1. Life Effects
  2. Patient and caregiver stories
  3. 4 Tips for Managing Nocturnal Anxiety

4 Tips for Managing Nocturnal Anxiety

Alarm clock shows 3 am as anxious woman struggles to sleep
Getty Images / KatarzynaBialasiewicz

Tossing, turning, yearning for sleep, but unable to switch off… sound familiar?

Night-time anxiety is surprisingly common, but that doesn’t help when it keeps you up all night. Claire Eastham shares 4 tips to beat the after dark blues.

"Why does my anxiety always get worse at night-time?" a friend asks me one Sunday afternoon as she's tucking into roast potatoes and looking exhausted.

"I'll be in bed, snug and warm, trying to drift off when BOOM, this sense of dread comes over me, followed by hundreds of negative thoughts about work, my family, or something I said to a neighbour."  

Her experience is far from unique, of course. Often, the symptoms of anxiety can be more intense at night. Even people who don't have the condition find their mind turning against them when the sun goes down.

Why is my anxiety worse after dark?

It's simple. We have fewer distractions and more time to get anxious at night. The world quietens down, and our never-ending "to-do" lists stop. During the daytime, our brains are engaged – commuting, working, talking to others, taking care of people, cooking, eating, cleaning, etc. Not to mention distractions like television, music, games, social media, and so on. The time to reflect on worries is reduced.

But once we're in bed, our subconscious has centre stage. I think of it as my brain shouting, "Now’s my chance. Let's go!"

Thoughts, concerns and even imagery we didn't realise had bothered us during the day come flooding out. Some are more upsetting than others. Once you start worrying about something, these negative emotions can trigger a physical response, which in turn exacerbates feelings of night-time anxiety.

It can be frustrating, but there are ways to combat it.  
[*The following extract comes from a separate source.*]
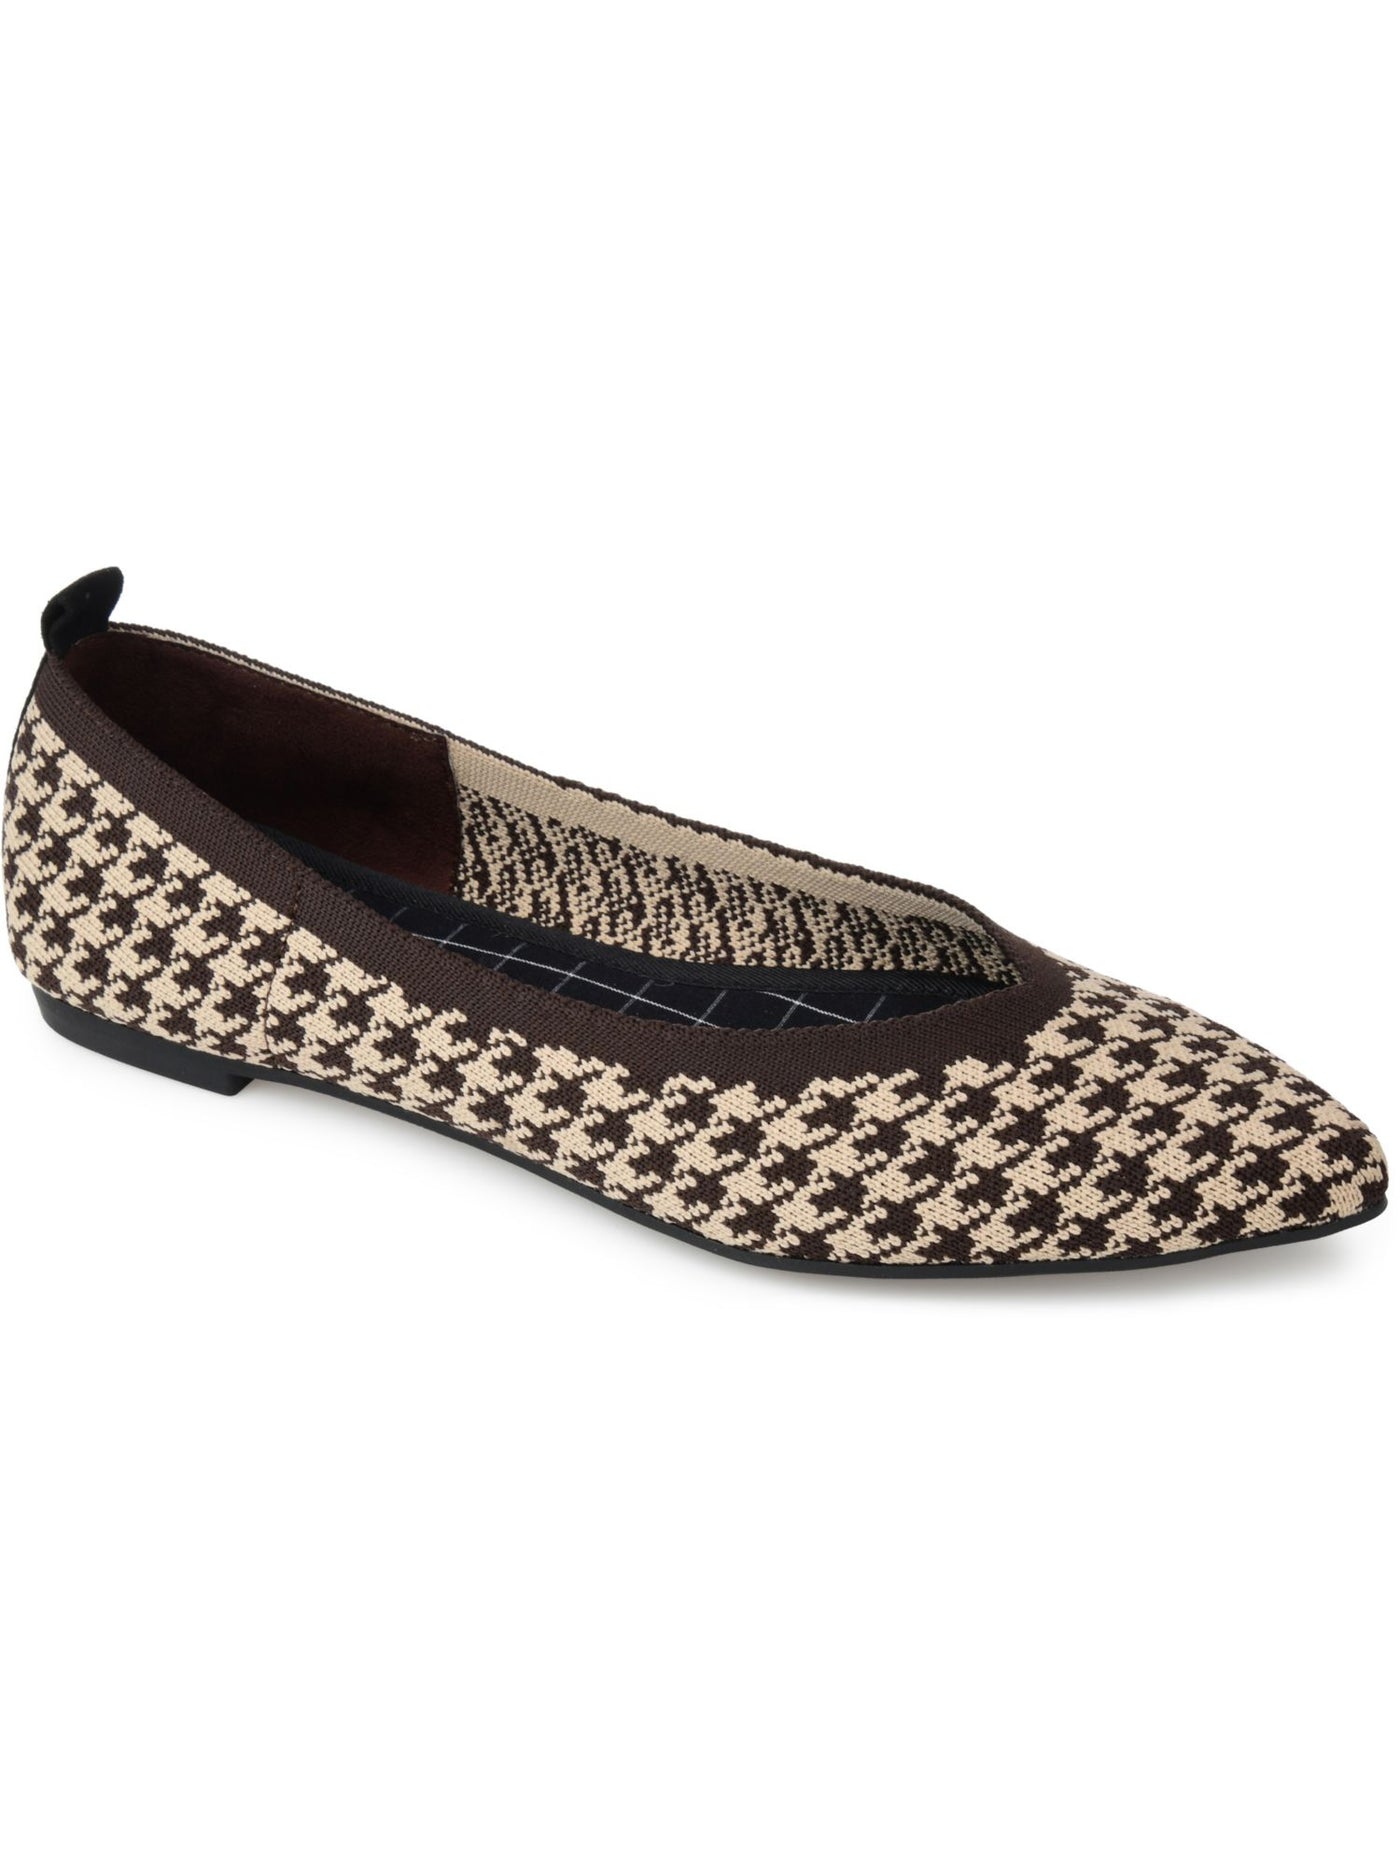 JOURNEE COLLECTION Womens Brown Dalmation Studded Padded Karise Pointed Toe Slip On Flats Shoes 9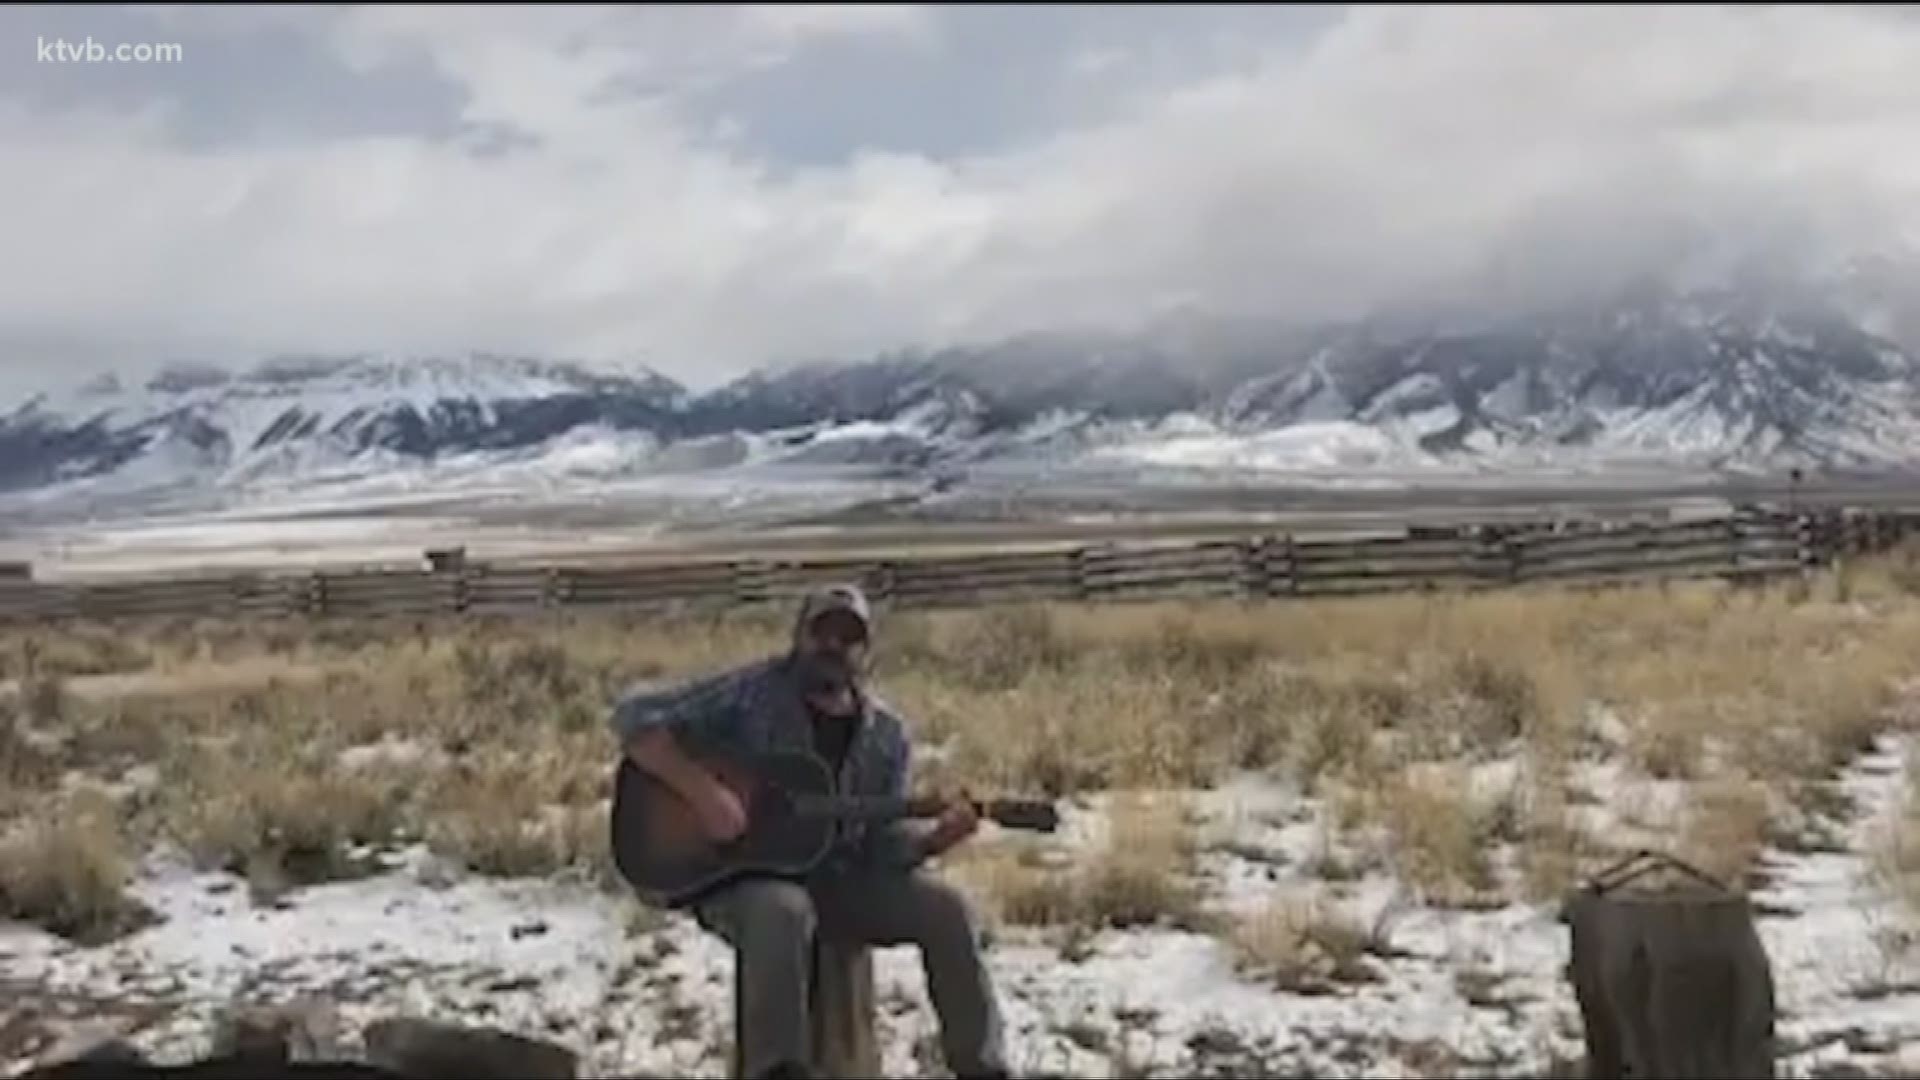 Working on his latest solo music video from the Idaho mountains, Willy Braun was at the scene of another big quake when the tremors hit Tuesday.

4 Tips for dealing with night-time worries

1. Write down any racing irrational thoughts

It doesn't matter how ridiculous they seem; write those thoughts down. Writing negative thoughts down is a great way to break the cycle. It's like a mini Cognitive Behaviour Exercise. Reading some out loud might even make you laugh. Some of my more ludicrous ones include:

What if my boss wants to sack me because I told her I hated “Breaking Bad”?

My best friend sounded "off" on the phone earlier. What if I've done something? What if she never tells me what I've done, and we never speak again?

Of course, both of these concerns were inaccurate. Any rational worries like, "I don't like my job anymore" (for example), can be logged and dealt with during the bright light of day.   

2. Avoid caffeine after 3 p.m. 

This one may sound obvious, but you'd be surprised how many people still have that coffee or fizzy drink close to bedtime. Caffeine triggers cortisol, and cortisol feeds anxiety.

If possible, avoid anything with it from the afternoon, as caffeine can remain in the system for hours, depending on your tolerance level. Instead, stick to decaffeinated or herbal tea and non-caffeinated beverages.

It’s a small thing, but unhealthy habits can make a big impact on our mental health further down the line.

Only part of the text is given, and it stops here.